Dave, as a champion of patient engagement, you talk about the importance of reviewing and contributing to your own healthcare record, or that of anyone for whom you manage care. Why is this so central to your message?

Because no one can perform at the top of his or her ability without the right information, at the right time and place. That applies to clinicians, to patients, and to care managers. Many of us have examples of why this is important. When my mother had a hip replacement and was transferred from the hospital to rehab, the description of her thyroid condition was somehow reversed. Had my sisters not taken the time to review the chart, in a timely fashion, and had the rehab facility not made it possible for them to do so, her doctors would have treated her incorrectly, in all good faith and based on the best information available to them. Presto: patient and family engagement improved safety and quality, at no extra cost to the system.
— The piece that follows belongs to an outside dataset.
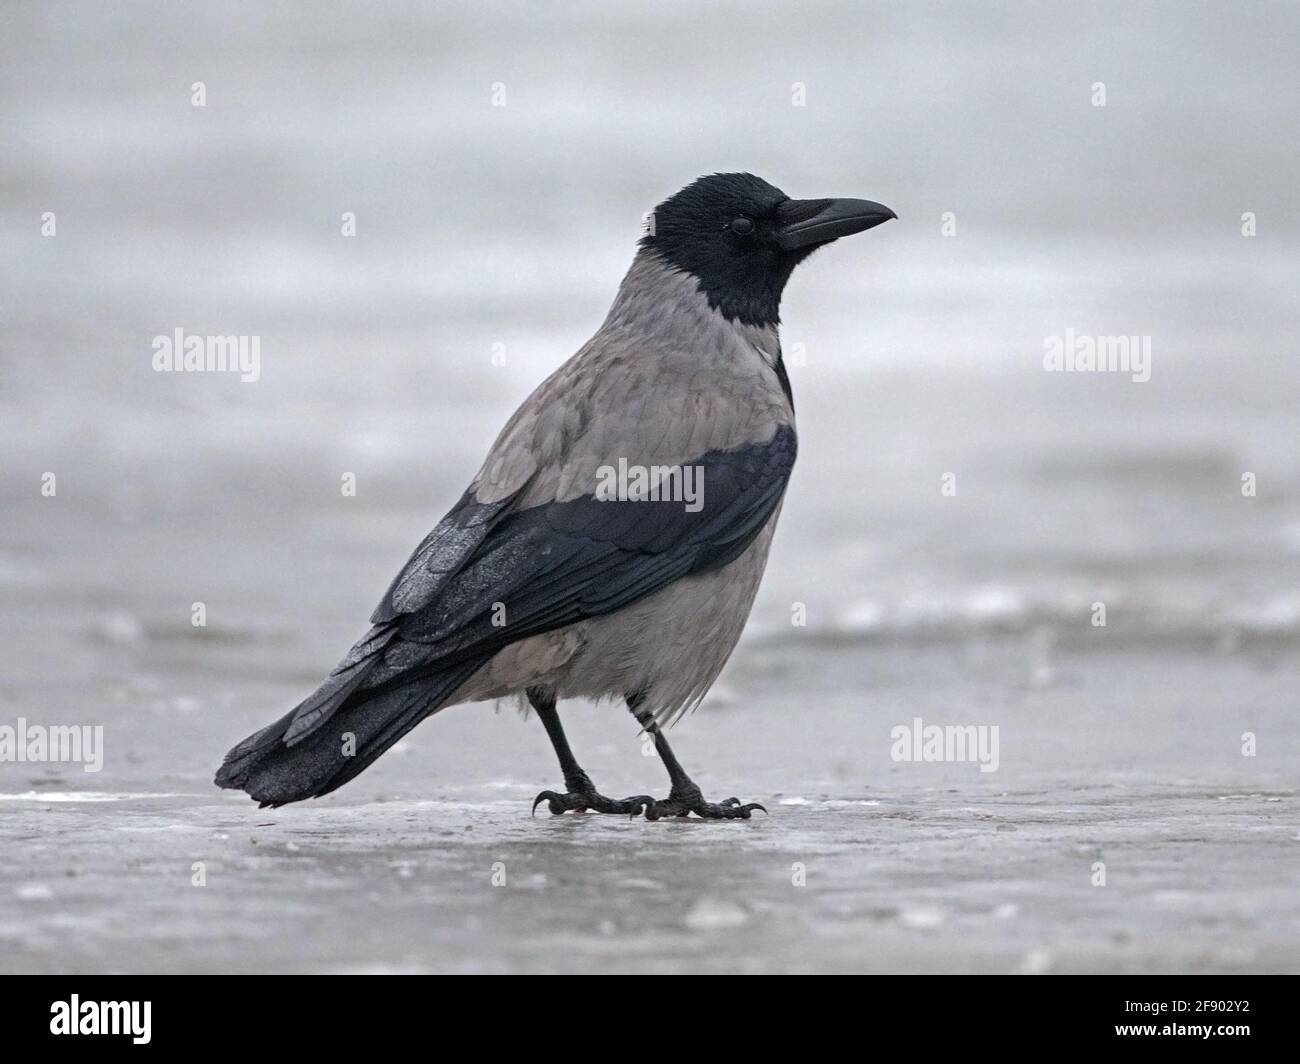 Hooded crow standing in snow Stock Photo

Patients and caregivers are an essential part of the health information quality assurance process. In my mother’s case, this was a paper-based process, but healthcare information is now becoming widely available online through patient portals.

That makes sense, but many of us are simply overwhelmed by having to review and manage many patient portals – especially if we see a number of different providers and have multiple insurers.
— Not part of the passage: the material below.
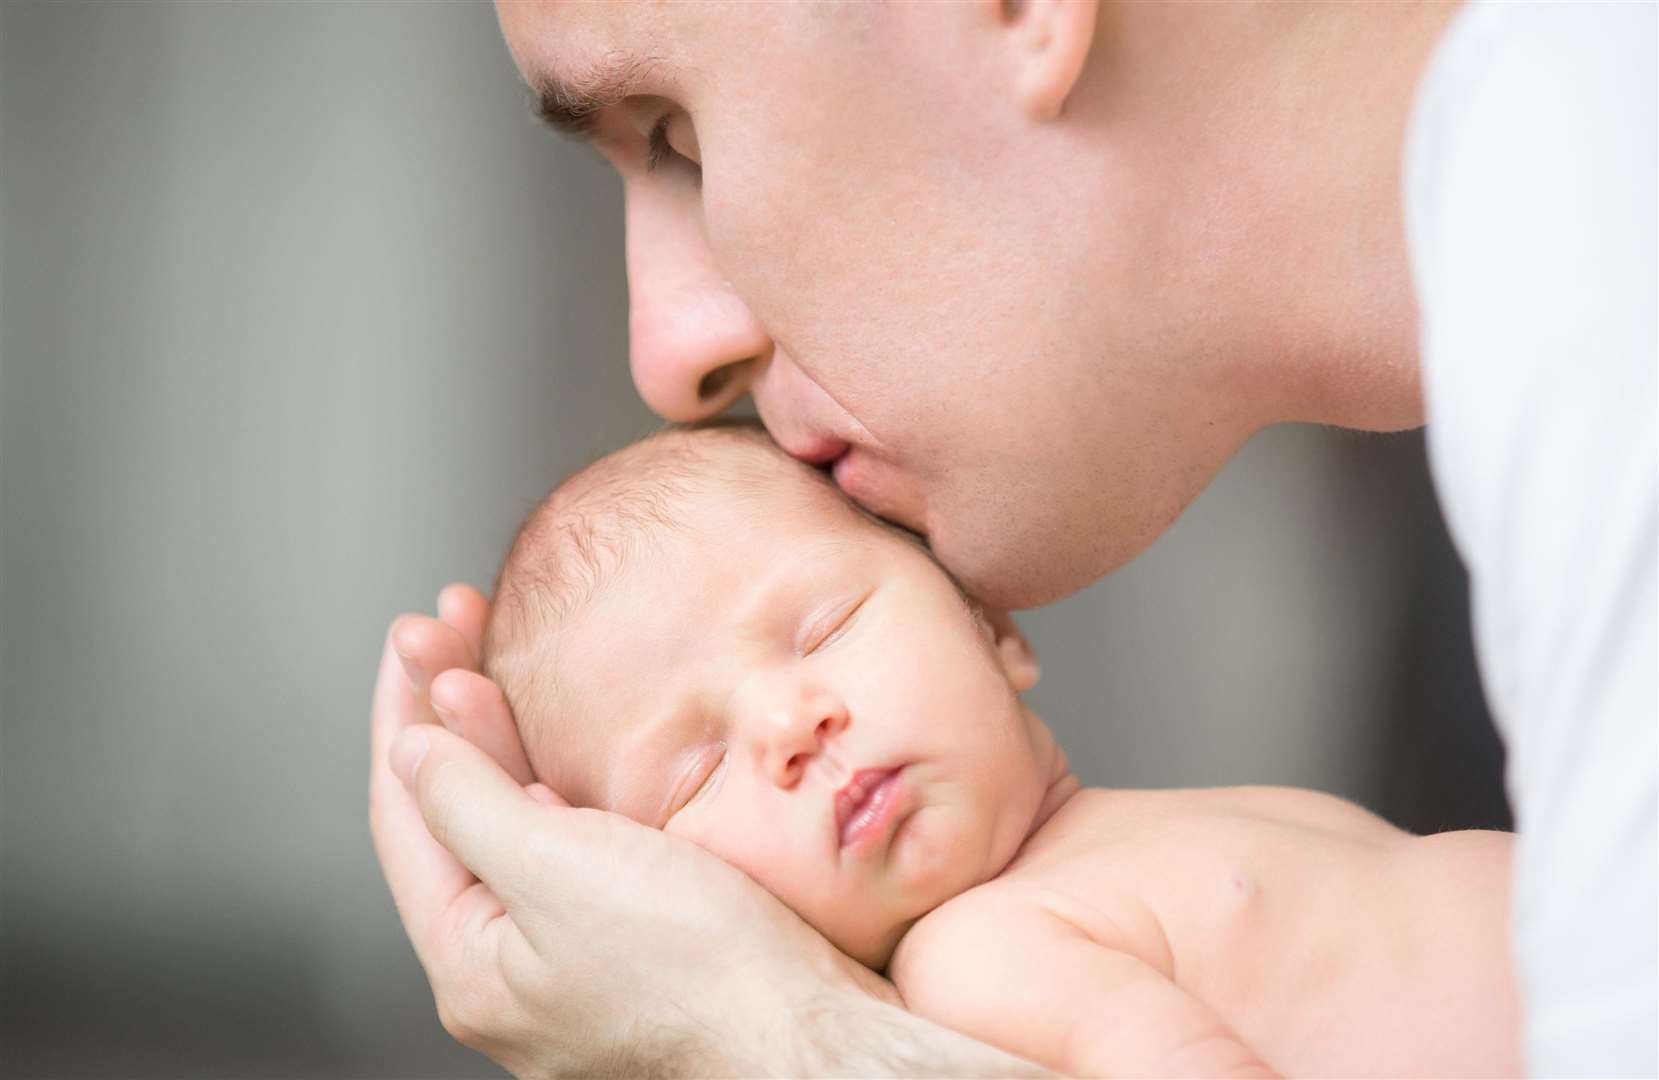 Skin-to-skin contact is important too, to help promote bonding and development

I refer to this as the “Seven Portals Problem” and it is an absolutely predictable phase at the birth of innovation in any new space. When banking information first became available online, early adopters, like me, had to manually download files each month about their banking, credit cards, and other financial transactions, and import them into Quicken. It took a huge effort to make it all work – you really had to be a geek. It wasn’t until financial institutions saw this as a competitive imperative and invested in true interoperability that it became viable for the average person to manage her finances online.

Geoffrey Moore has written extensively about innovation and what it takes to make the leap from workflows cobbled together by visionary early adopters to something simple, automated, and usable enough that an early majority will see it as worthwhile. We are at the edge of what Moore refers to as the chasm with respect to patient portals. The next phase of innovation - healthcare interoperability so that all of your information can be automatically available and manageable in a single place - is going to be essential to widespread patient portal adoption. Until that happens, for complex patients, portals are a pain; when it happens, the value will emerge.

Most people think of healthcare innovation as a new drug, or a new surgical procedure. You seem to be categorizing information access as a form of innovation.

That’s correct. In a sense it is like a drug, as the OpenNotes team has said – it has benefits, indications, side effects and contraindications. But Ultimately, healthcare is a complex systems environment in which opening access to new information represents tremendous innovation. Interoperability – enabling information to flow freely, and to use a common vocabulary – is essential to opening that access because it lets you assemble enough data to support a thriving ecosystem of new uses and new users.

In your new article in the BMJ, you wrote: “something has changed in the [healthcare] environment—the flow of knowledge—and it is altering what’s possible.” You were speaking specifically about creating a science of patient engagement, but you also envision widespread change in the entire care ecosystem. How can we help make that happen?

You are in the business of supporting the flow of knowledge in an industry that’s enormous beyond comprehension – 1/40th of the world’s GDP, according to Wikipedia. Massive systems resist change. If you want to change what is possible, you have to look for small-scale but transformational structural changes. In the case of health information technology, when interoperable data becomes accessible to the ultimate stakeholder, that is, the patient, it has the potential to seed new forms of growth oriented around value as defined by the ultimate stakeholder, the one for whom we do healthcare – patients and their families.